Key Technology Leading to General Artificial Intelligence - World Model

1）What is World Model?

World Model is an advanced model in the field of artificial intelligence, commonly used in reinforcement learning. It constructs and predicts the dynamic characteristics of the environment, enabling AI to simulate and predict future states to assist in decision-making. World Model can be seen as the "mental model" of an AI system, reflecting the system's perception and expectations of itself and the external world.

The primary purpose of World Model is to design a neural network module capable of updating states, memorizing and modeling the environment. It achieves this by utilizing current observations (images, states, etc.) and anticipated actions to predict the next possible observations (images, states).
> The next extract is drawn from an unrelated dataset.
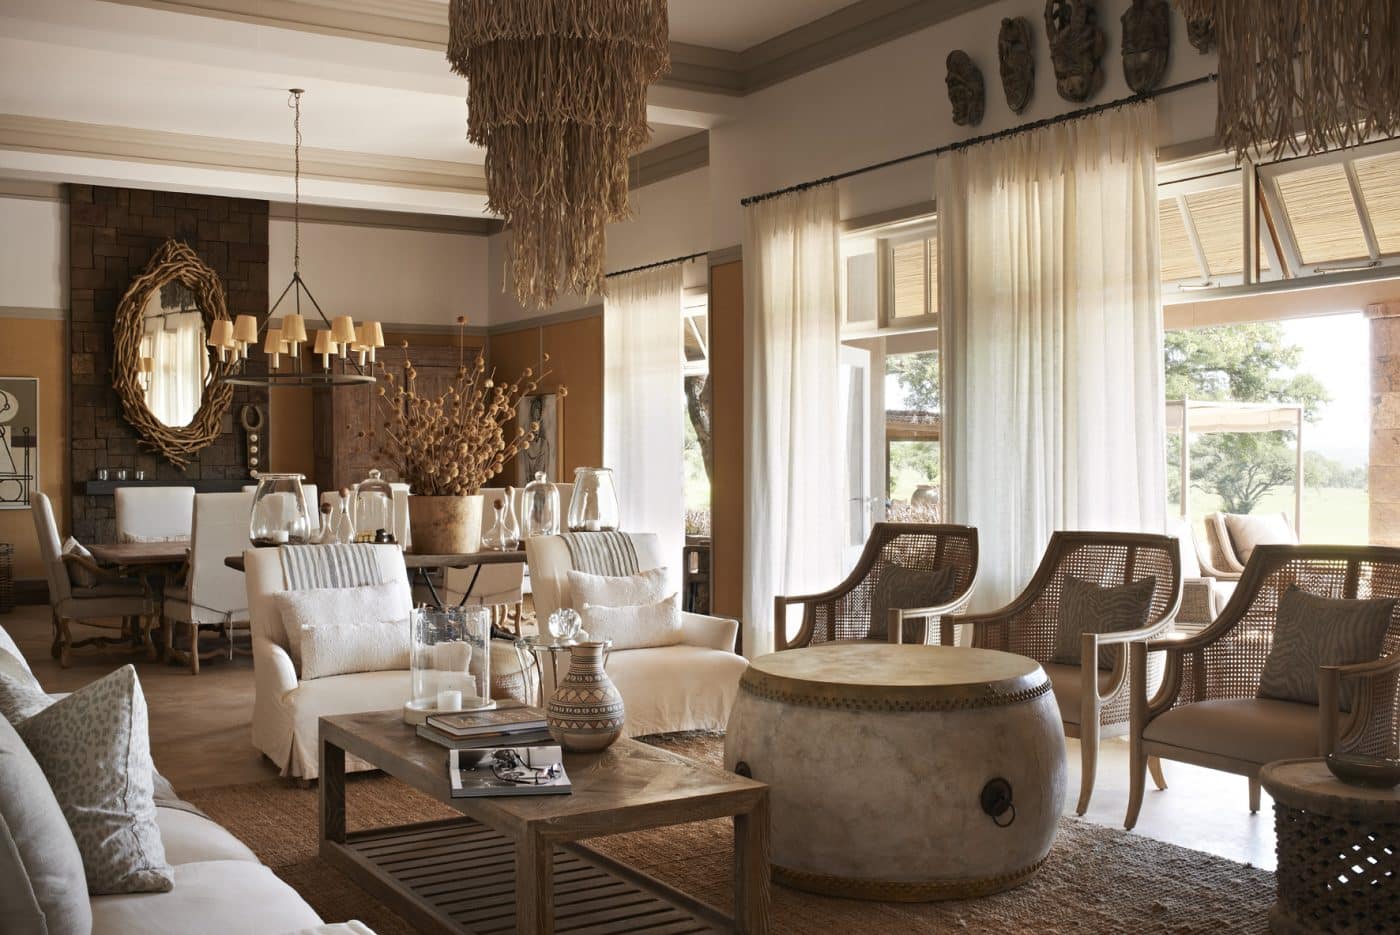 Lounge of the four-bedroom Serengeti House villa at Tanzania's Singita Grumeti safari lodge, designed by Boyd Ferguson

The model is trained through self-supervision, comparing the actual observations after taking actions with the predicted observations.
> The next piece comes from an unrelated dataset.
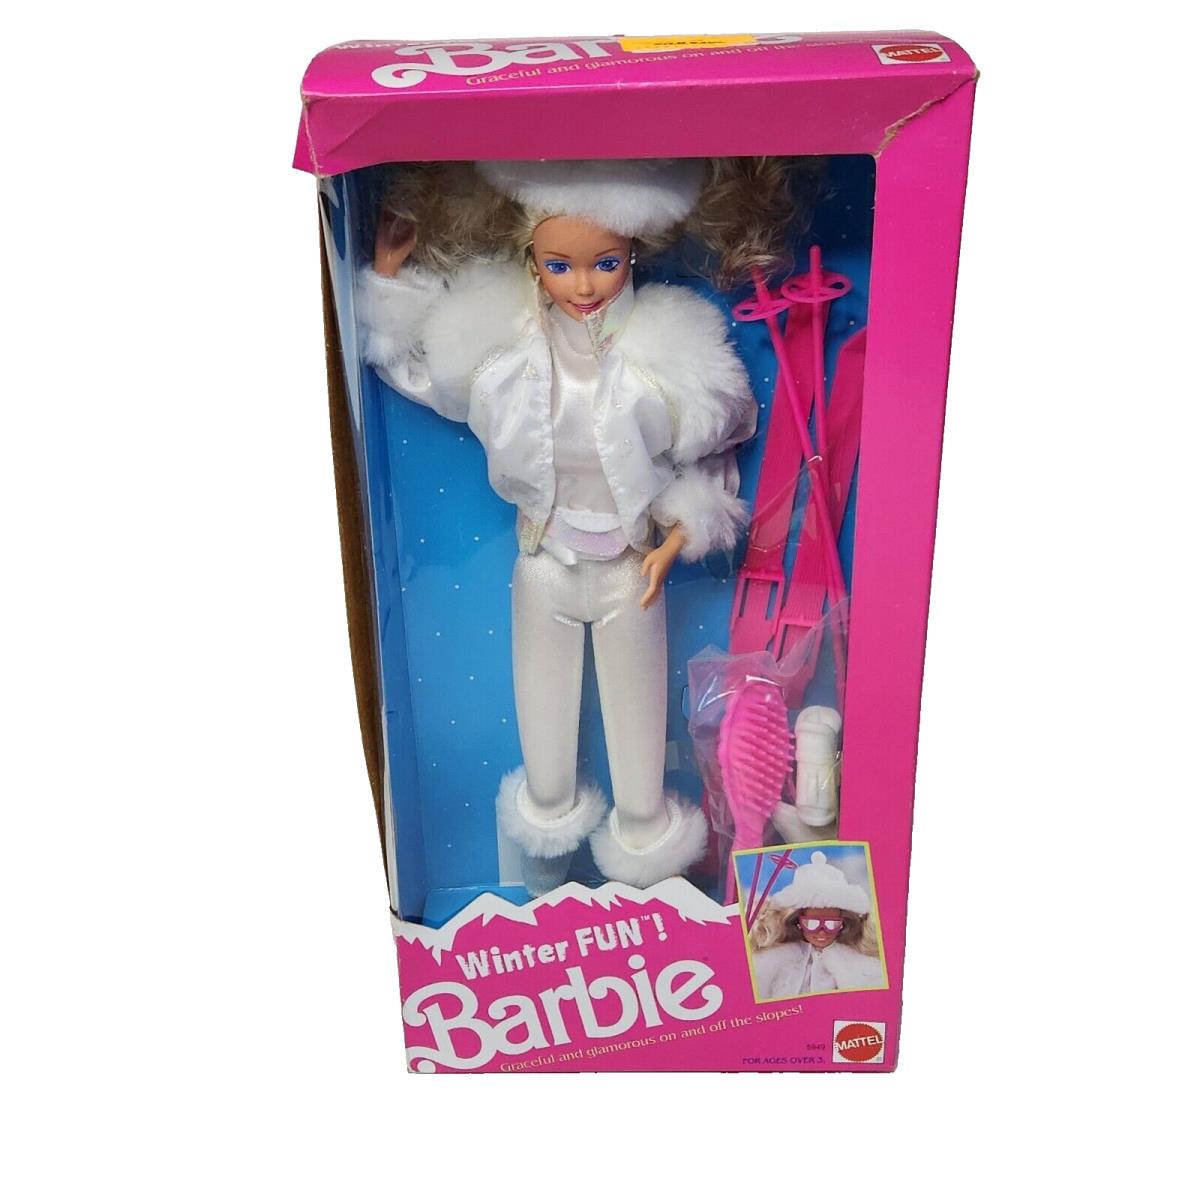 Vintage 1990 Winter Fun Barbie Doll Mattel Box 5949 Nos Creases

World Model was proposed as early as the 1960s and has been widely applied in computer science, cognitive science, psychology, and other fields. As AI technology has advanced, World Model has evolved to adapt to more complex and diverse environments and tasks. For example, in the field of reinforcement learning, World Model is used to establish model-based approaches to improve the learning efficiency and generalization ability of AI systems. In computer vision, World Model is employed in methods based on generative adversarial networks to enhance AI systems' image generation and understanding capabilities.

World Model is one of the key technologies for achieving AGI, providing AI systems with the following capabilities:

Abstraction: World Model allows AI systems to extract high-level features and concepts from raw sensory data, facilitating abstract representations of the environment and easier handling of complex tasks.
Prediction: World Model enables AI systems to predict future states and rewards based on current states and actions, enhancing dynamic prediction capabilities for more effective planning and decision-making.
Simulation: World Model allows AI systems to actively simulate virtual scenarios and situations based on their internally constructed models, promoting autonomous exploration, learning, and creative problem-solving.
Interaction: World Model enables AI systems to infer the intentions and beliefs of themselves and other intelligent agents based on their behaviors and goals, fostering social interaction, collaboration, and understanding.

2）Latest Theoretical and Applied Research on World Model

In February 2022, Yann LeCun, Turing Award winner, father of convolutional neural networks, and Chief AI Scientist at Meta, published "A Path Towards Autonomous Machine Intelligence." He proposed the idea of building a "World Model" based on AI: creating a machine that can learn the internal model of how the world operates, enabling it to learn faster, plan for complex tasks, and adapt to unfamiliar situations.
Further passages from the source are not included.